Los debates de La Habana, una mirada desde adentro, no es un resumen del acuerdo de paz, ni un perfil de los negociadores, ni una defensa del proceso. El texto de 300 páginas, financiado por el Instituto para las Transiciones Integrales (IFIT), una ONG que ofrece asesoría durante transiciones políticas, es, más bien, una exposición y reflexión de los debates que surgieron en las negociaciones entre el gobierno y las Farc, contados por varios de sus protagonistas.
El libro que escribió Andrés Bermúdez Liévano se divide en siete capítulos, seis de ellos correspondientes a los puntos de la negociación y uno a la segunda negociación, que se dio entre el gobierno y los promotores del No, luego del resultado del plebiscito. Además hay un epílogo.
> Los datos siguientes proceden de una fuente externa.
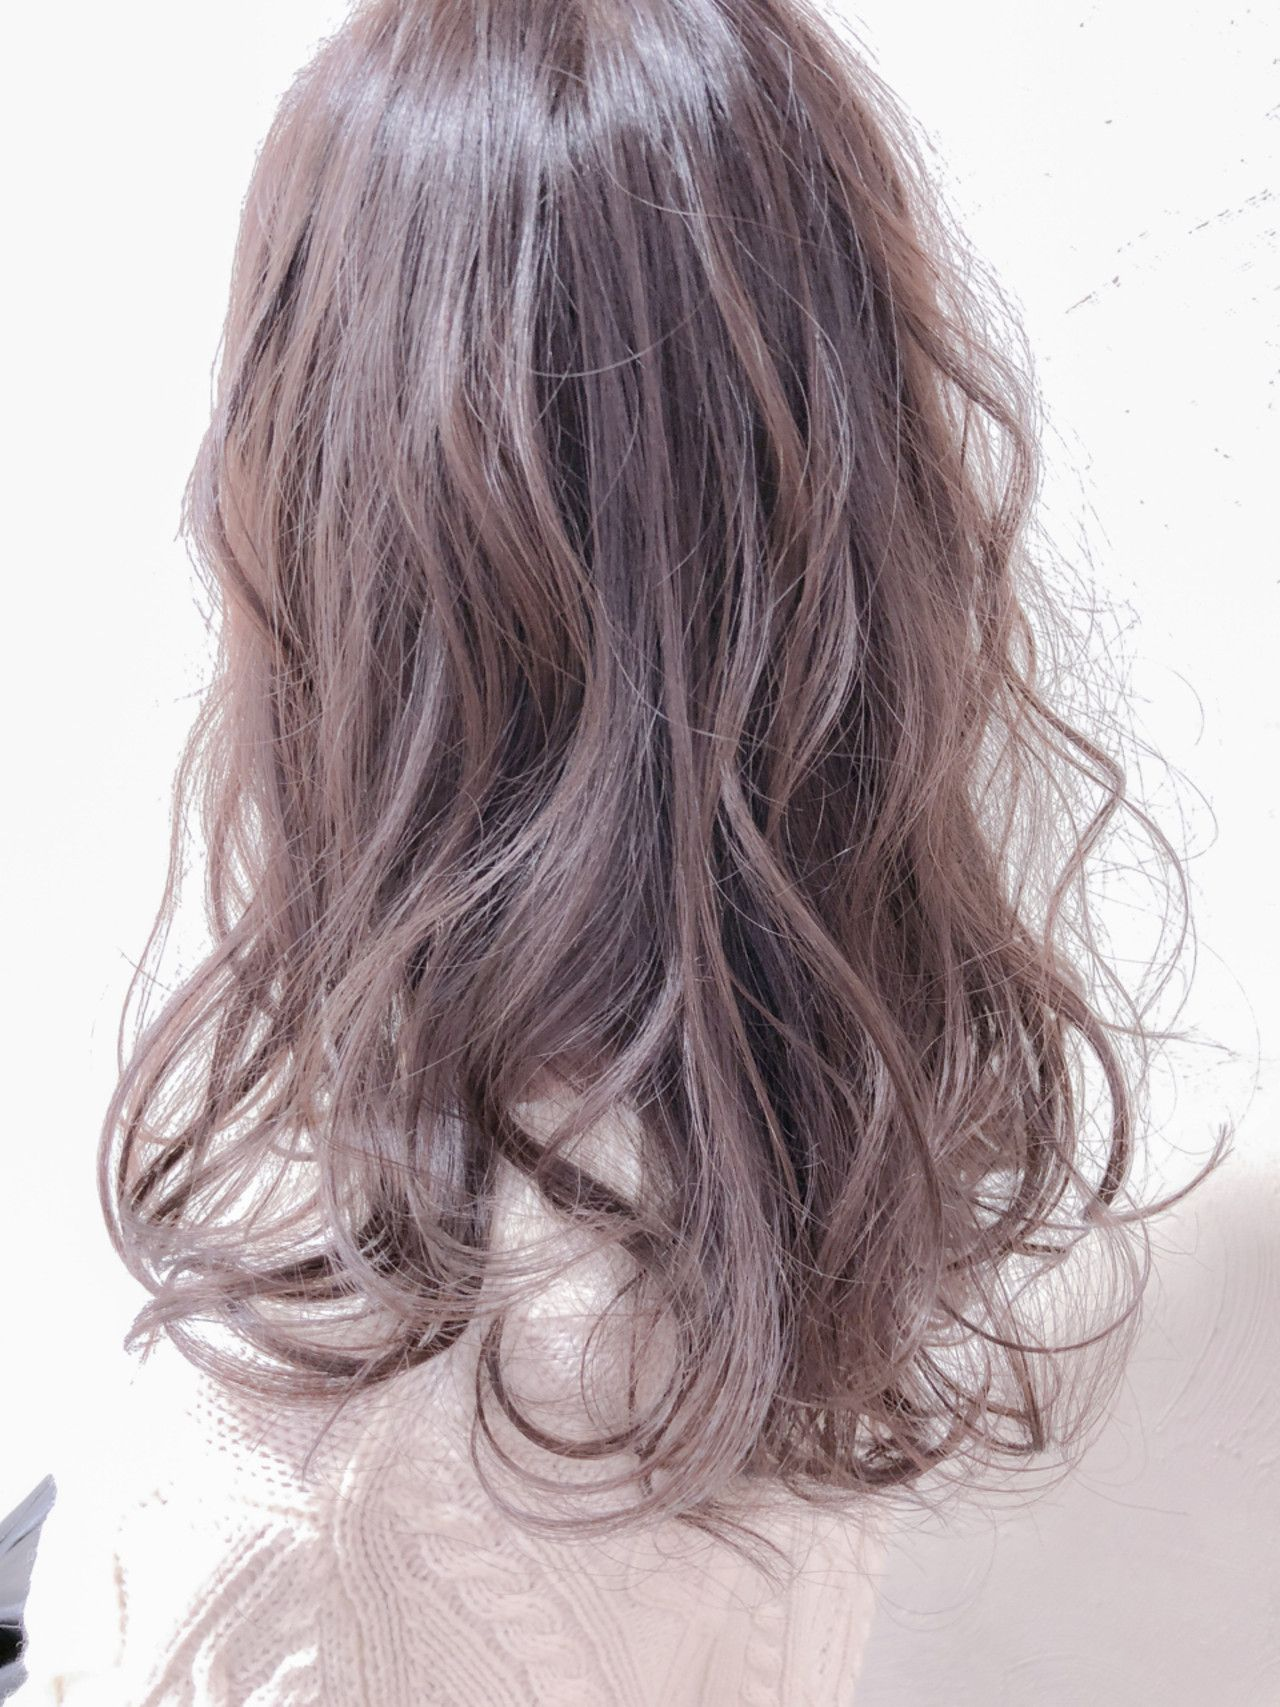 ブリーチなしのアディクシーカラー 髪色 ピンク 髪 色 明るめ ヘアカラー 春

Allí se exponen los debates más importantes del proceso, que surgieron alrededor de preguntas como ¿Quién escoge a los que reciben tierras? ¿Cultivos ilícitos o de uso ilícito? ¿La reparación debería incluir la satisfacción de las necesidades básicas?
Bermúdez identificó las preguntas que se hacían los negociadores pues entrevistó a 30 asesores del equipo de gobierno. A diferencia de las caras más visibles, los entrevistados fueron los tecnócratas encargados de preparar la posición del gobierno y de asesorar en los debates ideológicos, filosóficos y políticos más difíciles. “Eran los ‘cargamaleta’ de la negociación”, dice Bermúdez.
Por eso, ellos saben lo que sucedió detrás de cámaras y, además, fueron los encargados de buscar soluciones creativas a debates que parecían imposibles de superar. En el libro participó, por ejemplo, Juanita Gobertus, la coordinadora del punto de justicia y víctimas; Elena Ambrosi, reconocida por sus compañeros como el computador humano, y Juan Fernando Londoño, experto en derecho electoral, entre otros.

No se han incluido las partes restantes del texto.